Reputation: 2487
I'm working with fairly large dataframes, and final step in to remove np.nan, uppercase strings, remove spaces, commas, replace NaN, NaT with "". I have code that works, but if large datasets causes memory crash. Any ideas how to optimize this code?

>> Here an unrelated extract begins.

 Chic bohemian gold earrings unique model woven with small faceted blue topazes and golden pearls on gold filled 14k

I've tried various techniques.
Below is a sample small dataframe to show where i'm at:
df = pd.DataFrame([(-1, 'bronze', -1.0),
('silv er', '-1.0', 'br,on ze'),
('NaN', 'silver', 'nan'),
('', 'NaT', 'NONE')],
columns=('Canada', 'China', 'South Korea'))
import pandas as pd
import numpy as np
import time
def remove_nan_negatives(df):
t1 = time.time()
df.replace([np.inf, -np.inf], np.nan, inplace = True)
# select numeric columns
numeric_columns = df.select_dtypes(include=['number']).columns
df[numeric_columns] = df[numeric_columns].fillna("")

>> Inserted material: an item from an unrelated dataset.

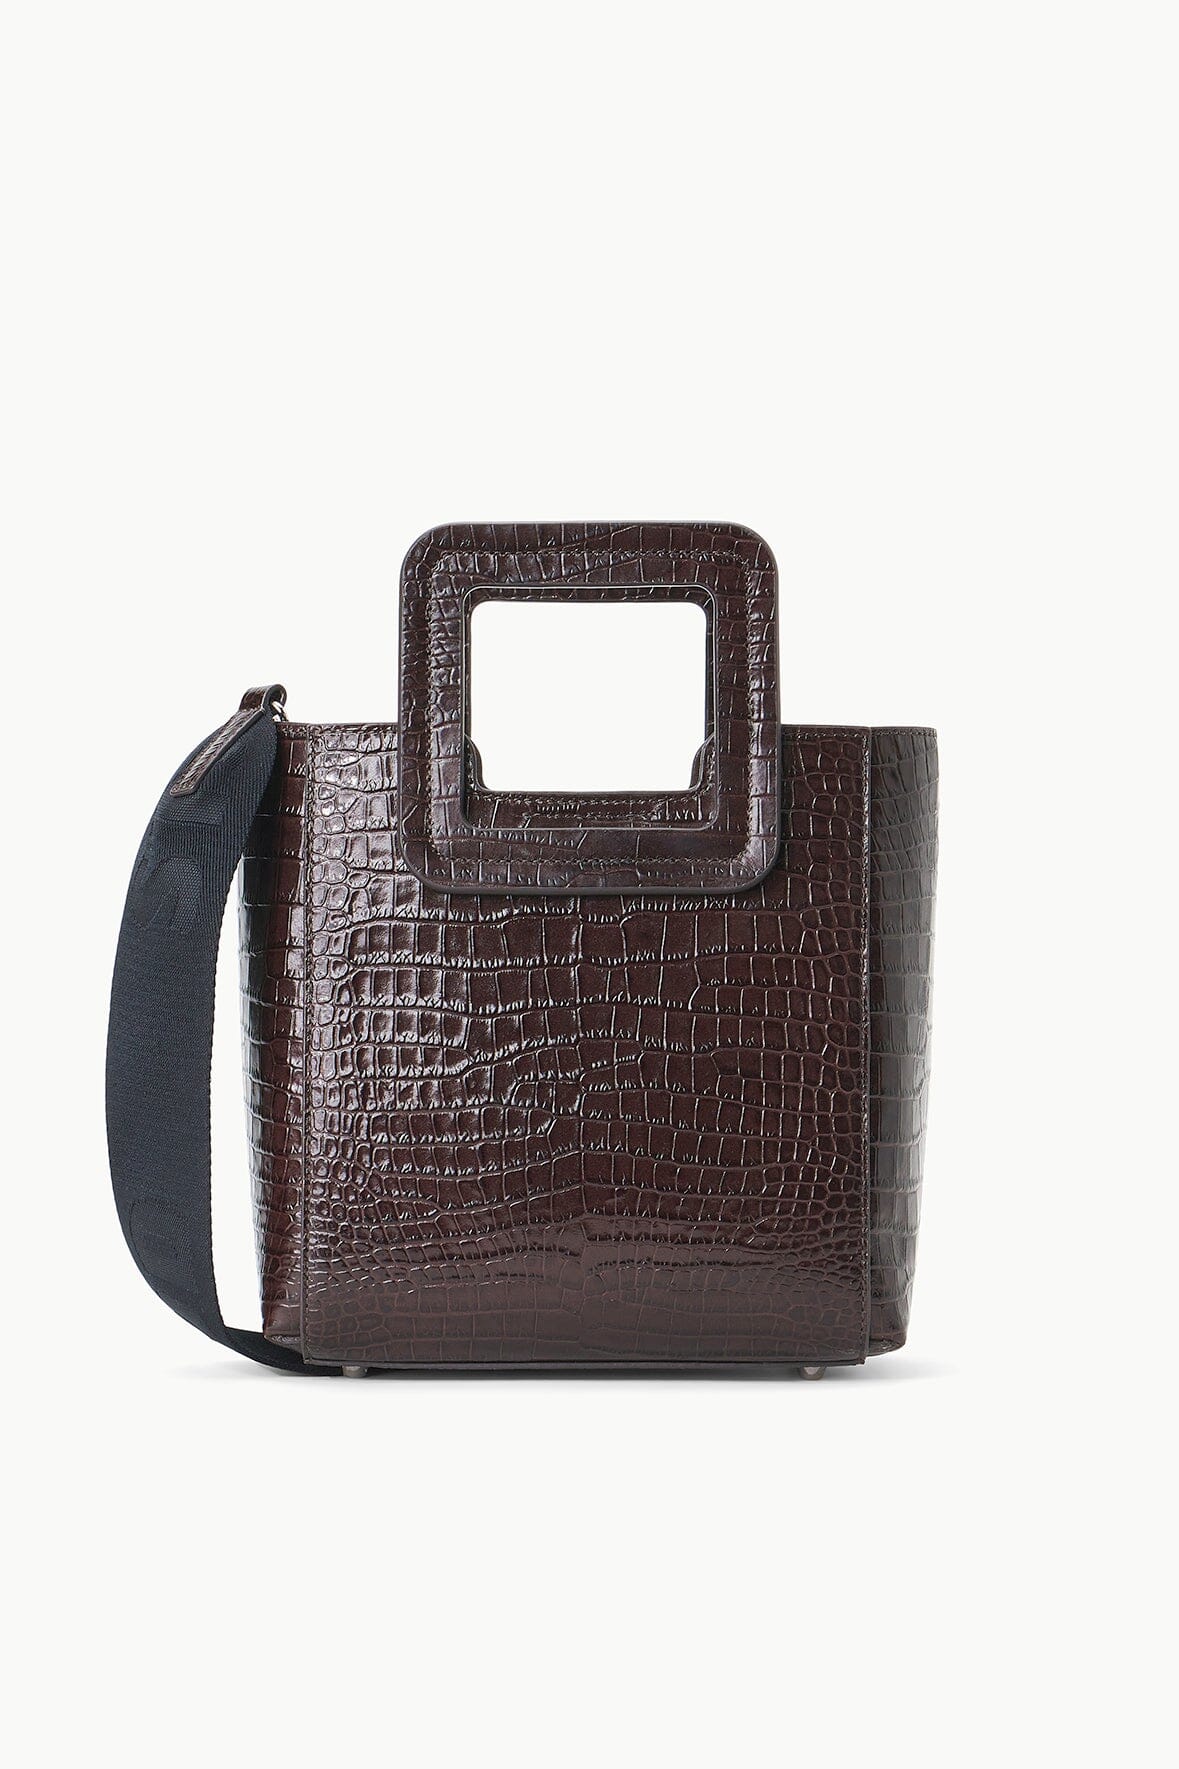 STAUD, Mini Shirley Leather Bag for Female in Walnut Ostrich Embossed

non_numeric_columns = df.select_dtypes(include=[object]).columns
df[non_numeric_columns] = df[non_numeric_columns].fillna("")
df[non_numeric_columns] = df[non_numeric_columns].replace("nan", "")
df[non_numeric_columns] = df[non_numeric_columns].replace("NAN", "")
df[non_numeric_columns] = df[non_numeric_columns].apply(lambda x: x.astype(str).str.upper())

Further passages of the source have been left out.